Saturday, November 7, 2015

Schooling Playwrights

In his book Poetry and Politics in the Cockney School, Jeffrey Cox examines a group of writers, including John Keats, Percy and Mary Shelley, Leigh Hunt, and their circle. A group, Cox reminds us, is not a homogenous set of people, but rather a collection of individuals brought together by a core set of common values.

What is key here is that it is a set of common values, not one single point of doctrine upon which all can agree. The "Cockney School" Cox describes included both religious believers and self-proclaimed atheists. Some wanted gradual reform, while others wanted revolution. Some gravitated toward violence, while others were avowed pacifists.

Not only that, but groups do not have to be restricted to the labels of identity politics. The second-generation Romantics that Cox writes about included men and women, English and Scots, aristocrats and commoners. They disagreed with each other adamantly, but out of those disagreements came very constructive arguments and rivalries that left us a rich legacy of writing, including some amazing dramas.

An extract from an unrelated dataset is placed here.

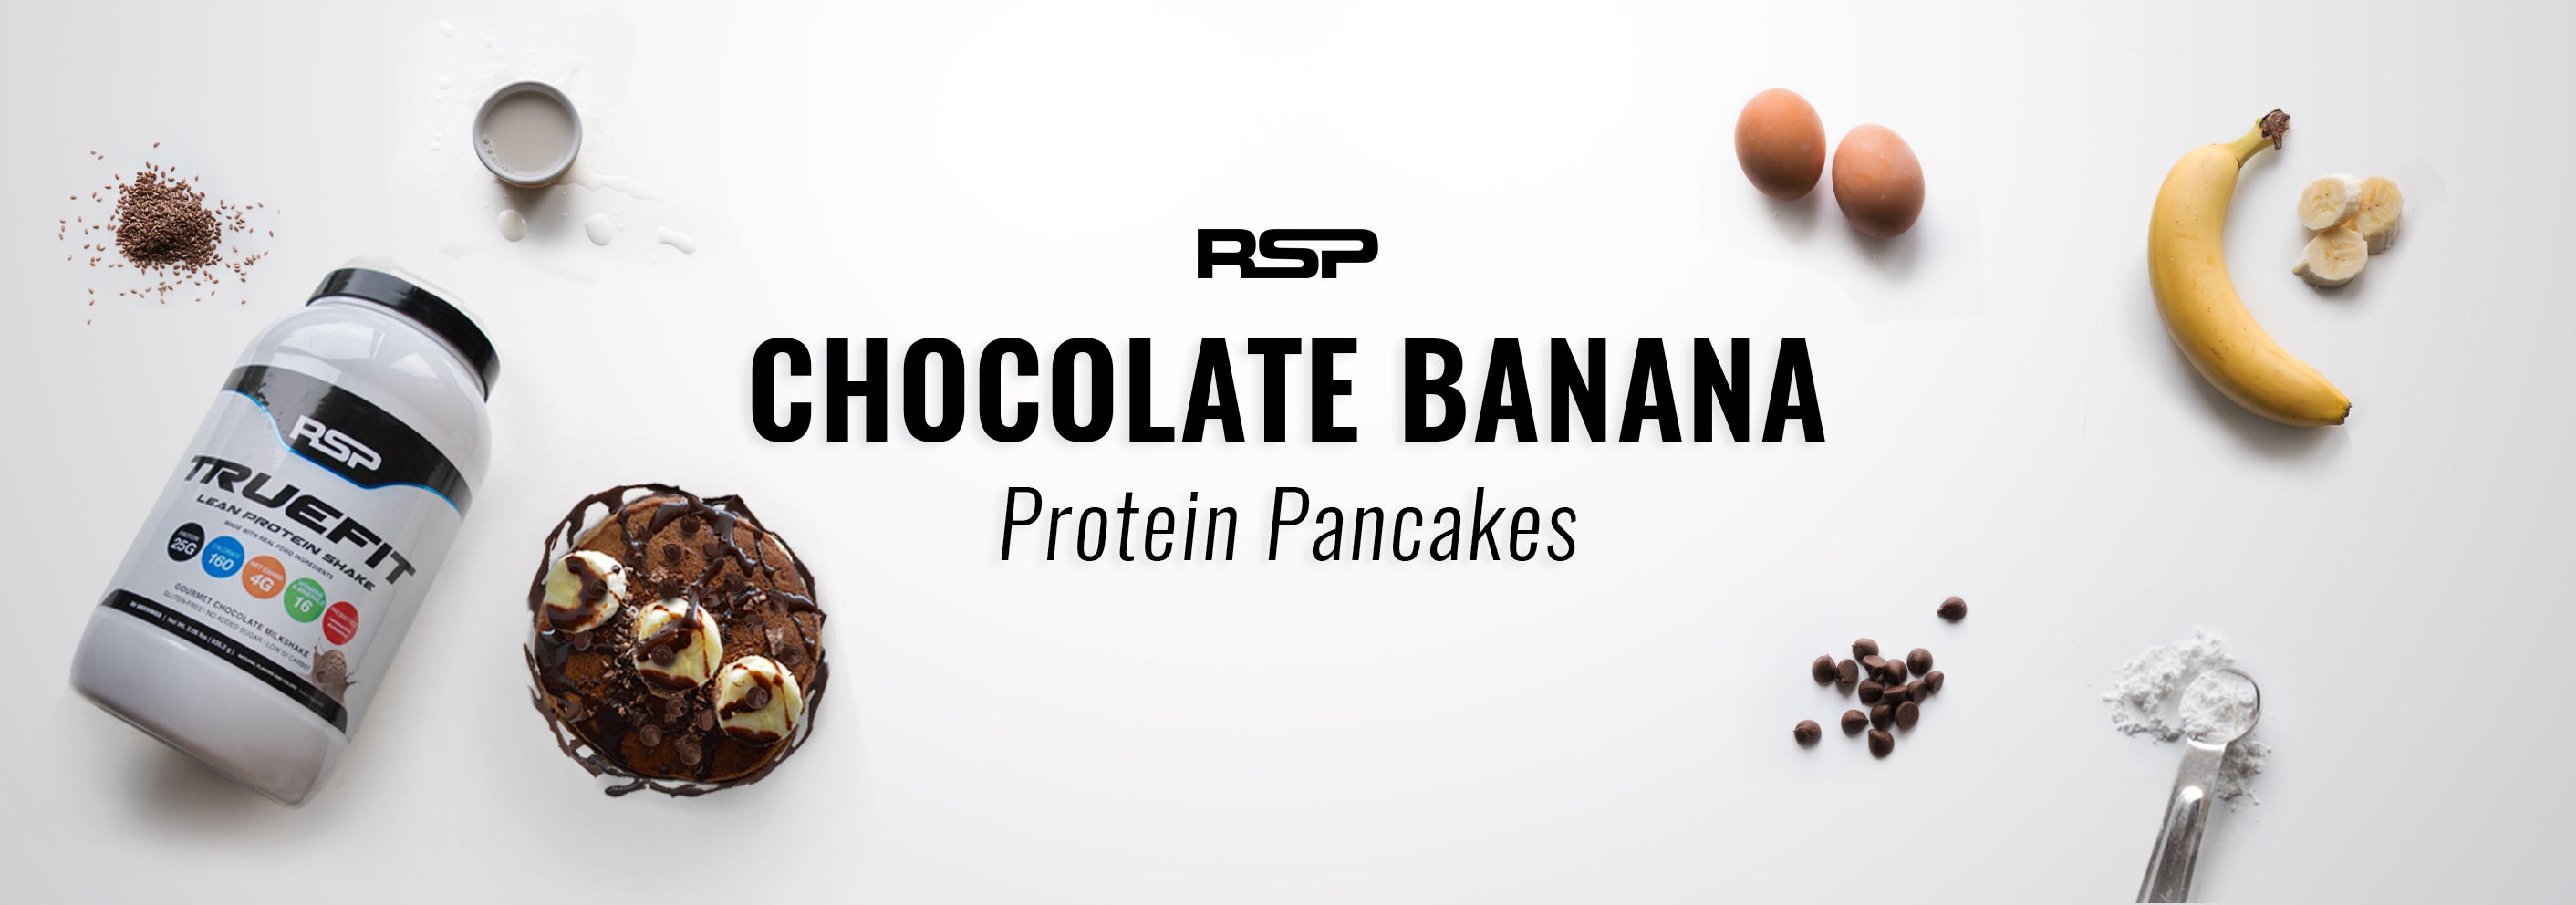 TrueFit chocolate protein powder chocolate banana protein pancakes

Leigh Hunt, for instance, wrote the genre-challenging play The Descent of Liberty in 1814, and published it the next year. Those two years saw Napoleon defeated, exiled, returned, defeated again, and eventually banished permanently. Hunt responds to those monumental events with a play he described as "a mask" in which he appropriates the tradition of the 17th-century masque to comment upon the political events of the 19th century.

The Descent of Liberty would not appear to be written for performance, but Cox argues that the plays of Hunt and his circle were "not a rejection of the stage but an attempt to remake it." Cox sees these plays as an attempt to reform the canon. Since the Hunt group was engaged in a countercultural activity, they needed a countercultural form, so instead of writing neoclassical tragedy or popular melodrama, they turned to other genres. These could include masque, as in The Descent of Liberty, or pastoral, as when Hunt translated Torquato Tasso's Amyntas.

"In these plays, we can see how artists work to acquire cultural influence for a countercultural message by seeking beyond established and ideologically stabilized forms for a generic site within which one can negotiate between tradition and innovation," Cox writes. Neoclassical tragedy and the comedy of manners were the standard high genres for the Georgian stage, so if Hunt's group wanted to rebel against Georgian society, authors had to find new literary forms to do so.

The stage directions of these plays often sound wholly impractical, but Cox points out that many hits of the era relied on spectacular stage effects. A play like Percy Shelley's Prometheus Unbound might seem unproducible today, but its stage effects are not far removed from what Georgian audiences had come to expect. As Cox observes:

It is an intriguing paradox that the spectacular staging demanded by The Descent or by Prometheus Unbound strikes us as a sign of the untheatricality of these plays -- their status as poems more than dramas -- while in the context of the early-nineteenth-century stage such theatrical techniques in other plays were seen as signaling the victory of mere stagecraft over the poetic word.

Cox later turns to the mythological plays of Mary Shelley, Midas and Proserpine. Both of these plays celebrate the world of the pastoral, which Hunt had tried to revive in his translation of Amyntas. Both Hunt and the Shelleys were turning to older forms, but in an attempt to unlock something new. In the hands of these authors, forms like the masque and the pastoral create a utopian space in which the world can be re-imagined as a better place.

"I think we should see something heroic," Cox writes, "in this attempt to create... a pastoral stage upon which to act out the possibility of community, imagination, and love."